NASA will also develop an array of MoonFall rockets for testing and communication. The drones will be built by NASA’s Jet Propulsion Laboratory, and Garcia-Galan said they will be landed on the moon by Firefly Aerospace’s Elytra Dark spacecraft from Texas. Firefly said its contract for the delivery of four drones is worth $75 million.


NASA’s Moon Base program may officially begin this fall with the launch of Endurance, Blue Origin’s first Blue Moon Mark 1 launcher. Endurance, which is currently undergoing pre-flight testing, is scheduled to deliver several payloads to the south lunar surface – including a retroreflector system for measuring distances and a camera system to study how the thrusters interact with the lunar surface. The first Blue Moon mission has been in the works for more than a year, but Garcia-Galan said it is now known as Moon Base 1.
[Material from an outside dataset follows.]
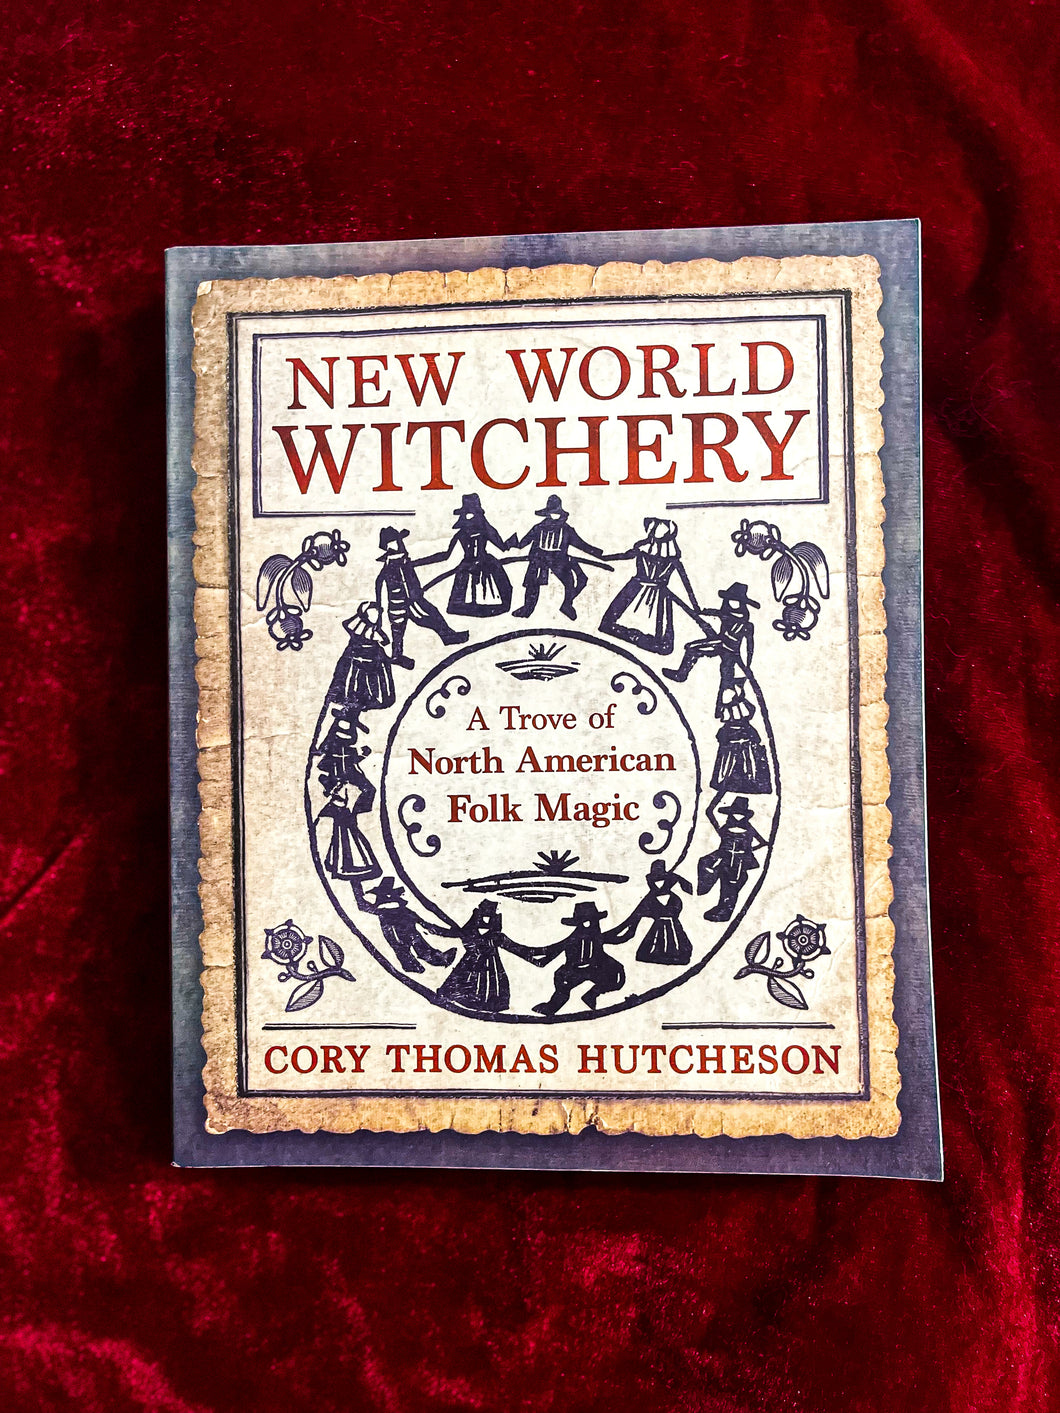 New World Witchery: A Trove of North American Folk Magic by Cory Thomas Hutcheson

The Moon Base 2 mission requires a SpaceX Falcon Heavy rocket to deliver Astrobotic’s Griffin lander from Pittsburgh to the moon later this year. Griffin will be carrying more than 1,100 pounds of cargo. One of the payloads is the Astrolab rover equipped with an Interlune imaging system capable of scanning the lunar surface for traces of the vital helium-3.
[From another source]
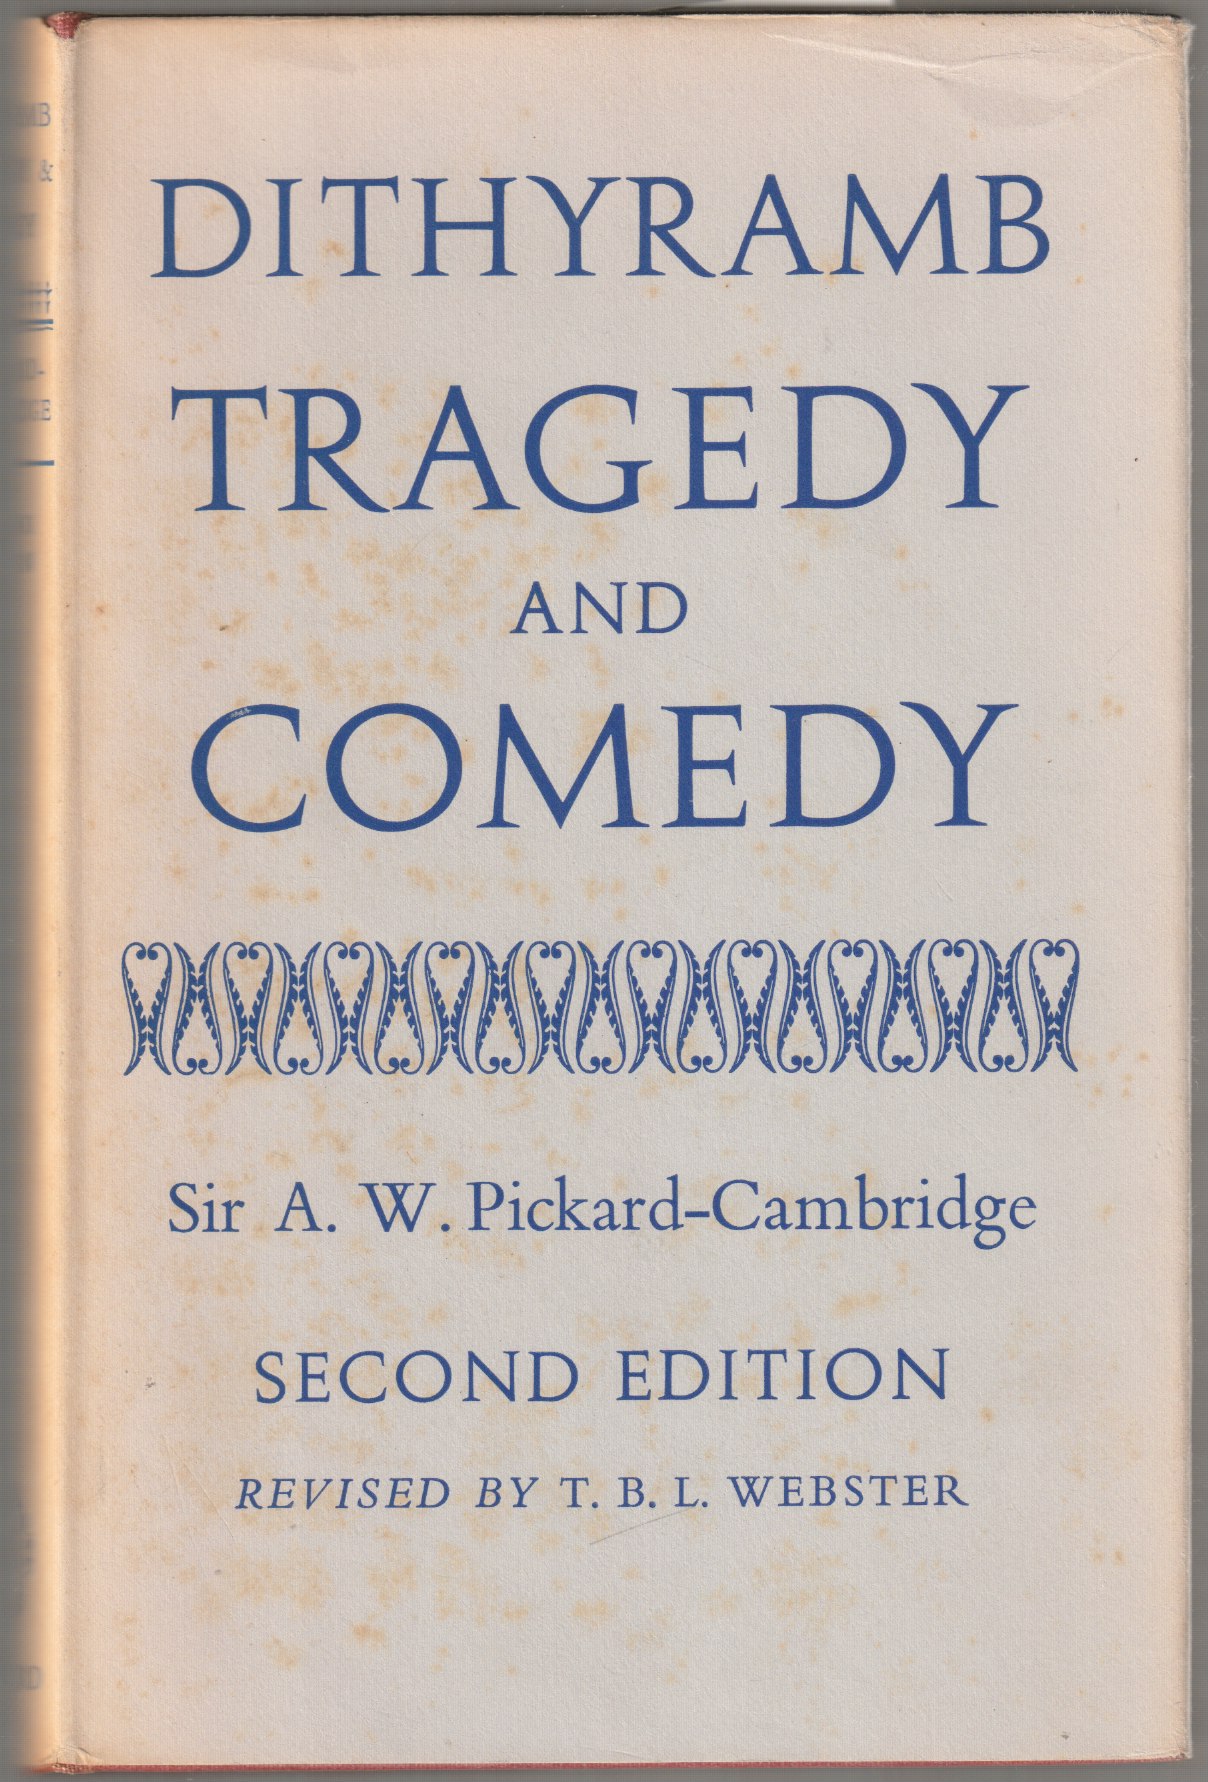 Dithyramb tragedy and comedy.

For the Moon Base 3 mission, Intuitive Machines’ Nova-C Trinity lander will fly the first payload selected by NASA’s program known as Payloads and Probes to the Moon, or PRISM. Lunar Vertex will examine lunar orbits – bright spots on the moon’s surface that are thought to be caused by magnetic disturbances. The landlord will also bear the payment burdens of the European Space Agency and the Korea Astronomy and Space Science Institute.
“These represent the first of more than a dozen campaigns that we expect to announce for the balance of this year, as we come back, build a foundation, and not lose the month again,” said Isaacman.
Moon Base 1 and the LTV delivery are not the only lunar missions in which Blue Origin plays an important role. For example, the company’s second Mark 1 owner is tasked with delivering NASA’s VIPER rover to the lunar surface in late 2027.
Blue Origin is also working on the Blue Moon Mark 2 lunar probe that could carry future Artemis crews to the lunar surface. NASA intends to test Mark 2 and/or SpaceX’s Starship-based lunar lander next year in low Earth orbit during the Artemis 3 mission.
“We’re already making significant progress with both Blue Origin and SpaceX on their lander concepts,” said Lori Glaze, associate director of NASA’s Human Spaceflight Mission Directorate. “There are a lot of commercial studies going on right now, to make sure we have the right equipment designs and the right targets for those.”
Isaacman said NASA’s strategy calls for “using the NASA playbook from the 1960s, figuring out what works and what doesn’t in this survival science.”
The announcements made today focus on the first phase of NASA’s Moon Base program, which aims to establish reliable access to the lunar surface and demonstrate resources in the south polar region, where important reserves of water ice are thought to exist.
The second phase of the project, scheduled for the period 2029-2032, calls for the establishment of the operational infrastructure of the moon, including energy resources that rely on solar or nuclear energy. During the third phase, NASA and its partners will establish a permanent base.
“We envision a moon base of hundreds of square miles, with different assets building up to the goal of a permanent moon presence,” Garcia-Galan said.
Isaacman said “there are a lot of good things that will come from having an army on the moon,” with the ability to prepare for long-distance missions topping his list.
“There will be scientific discoveries,” he said. “Let’s take land rovers with radio telescopes to go to the side of the moon. Let’s wake up the orbital economy. These are all things that would be nice to have and accomplish on the way, but really it’s to have a place where we can work with water ice and develop capabilities where we’re going next, which is Mars. … Mars one day.”